If the duration is only two days  including one night, I call it 宿泊研修, not 合宿研修.（But maybe other Japanese may call it 合宿研修. I don't know.)

For example, 合宿免許, for getting a driver's licence, usually needs 2 weeks.
強化合宿, for university athletes, usually takes more than several days, and in the daytime they are not packed or crammed in a room.
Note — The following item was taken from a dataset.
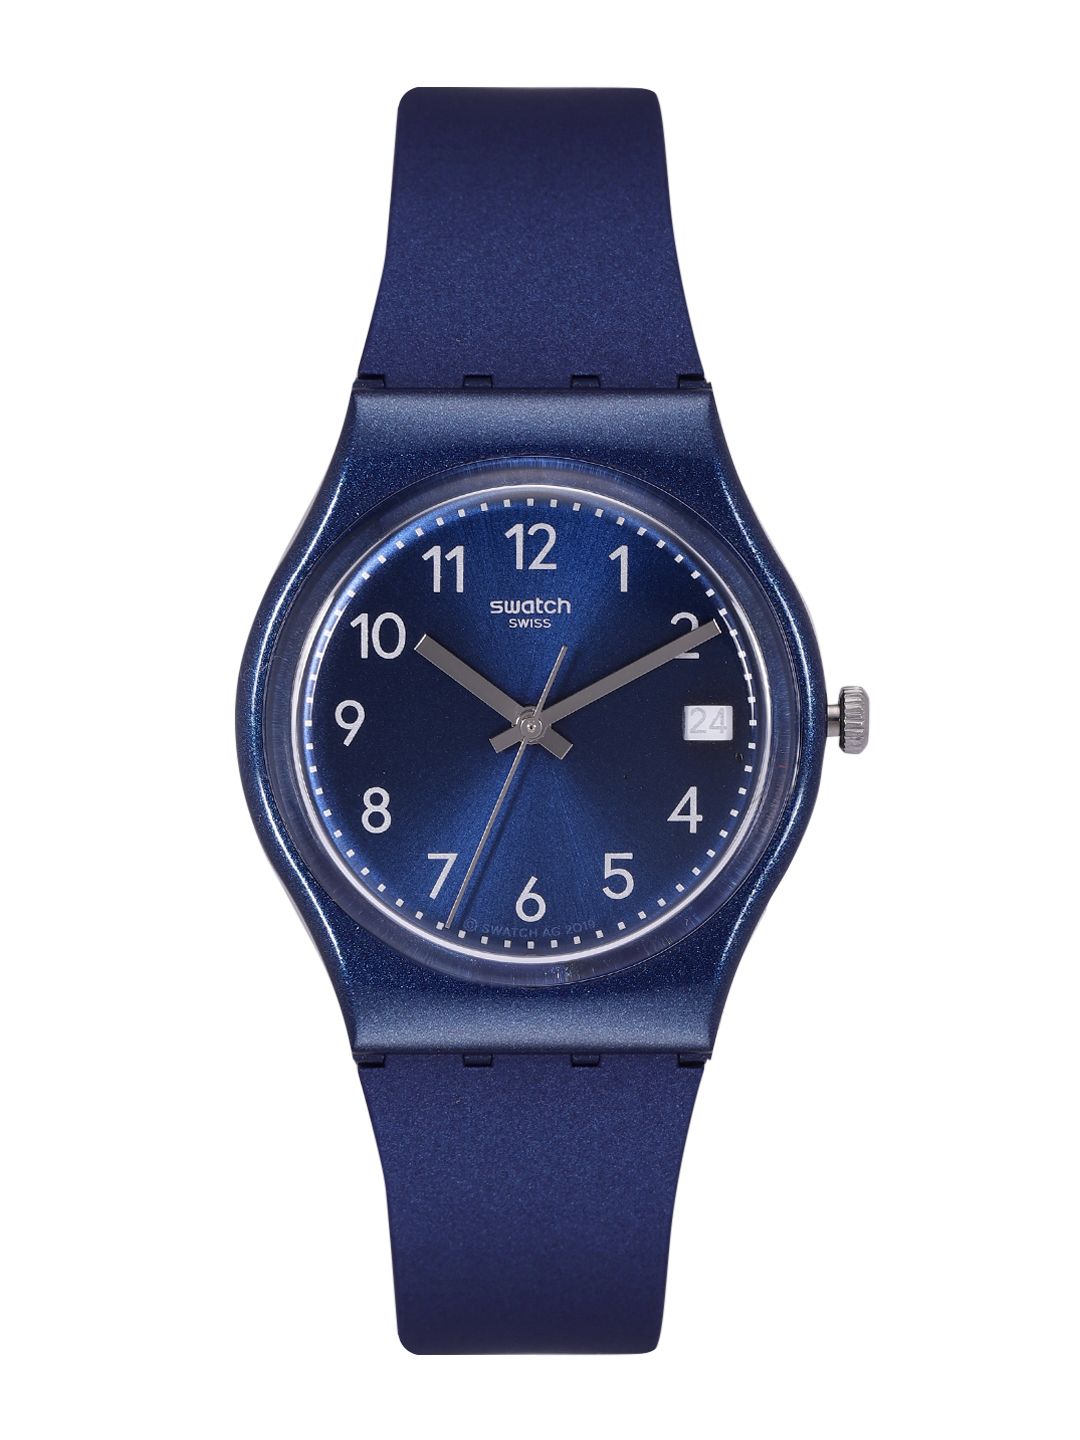 Swatch SwatchEssentials Unisex Navy Blue Water Resistant Analogue Watch GN416 Price in India

They may run on the road, or play in the gym or in the ground.

In your context, I decided myself that they spend at least one night, and spend at least two days.
最低1泊以上の泊まり込み (Staying one or more nights together) is necessary to call it 合宿, in my humble opinion.

Or maybe 合宿 only means "*overnight together*" including a little sleep.
It may be a figurative speech.
そのために,みんなで*合宿して*細かいことを取り決めています。
≒そのために,みんなで*夜も一緒に泊まり込んで*細かいことを取り決めています。
≒そのために,みんなで*(みんなで）徹夜して*細かいことを取り決めています。
≒＜ーー＞そのために,みんなで*缶詰になって*細かいことを取り決めています。（＃２）

edit) I'm on the premise that the context is one of the series of Kenshiromusou's questions here. The context is an interview with one of the creators of the Anime, 北斗の拳, and I'm on the premise that the speaker doesn't necessarily speak grammatically-correct or as-dictionary-defined-wording Japanese. 
For example, logically speaking, "みんなで合宿する" may be a redundant and incorrect experssion because it means みんなで"みんなで泊まる", to those who are very keen to "correct" Japanese. haha (just joking)
I want to say that there must be native-individual-speaker's vagueness and difference against wording because they've learned and used wording not by dictionaries, but by their actual lives and experiences.
Each individual's definition against a word may "differ" more or less, and we usually ignore the difference, except some situations such as making a dictionary, making a law, making a business contract, or discussing on here.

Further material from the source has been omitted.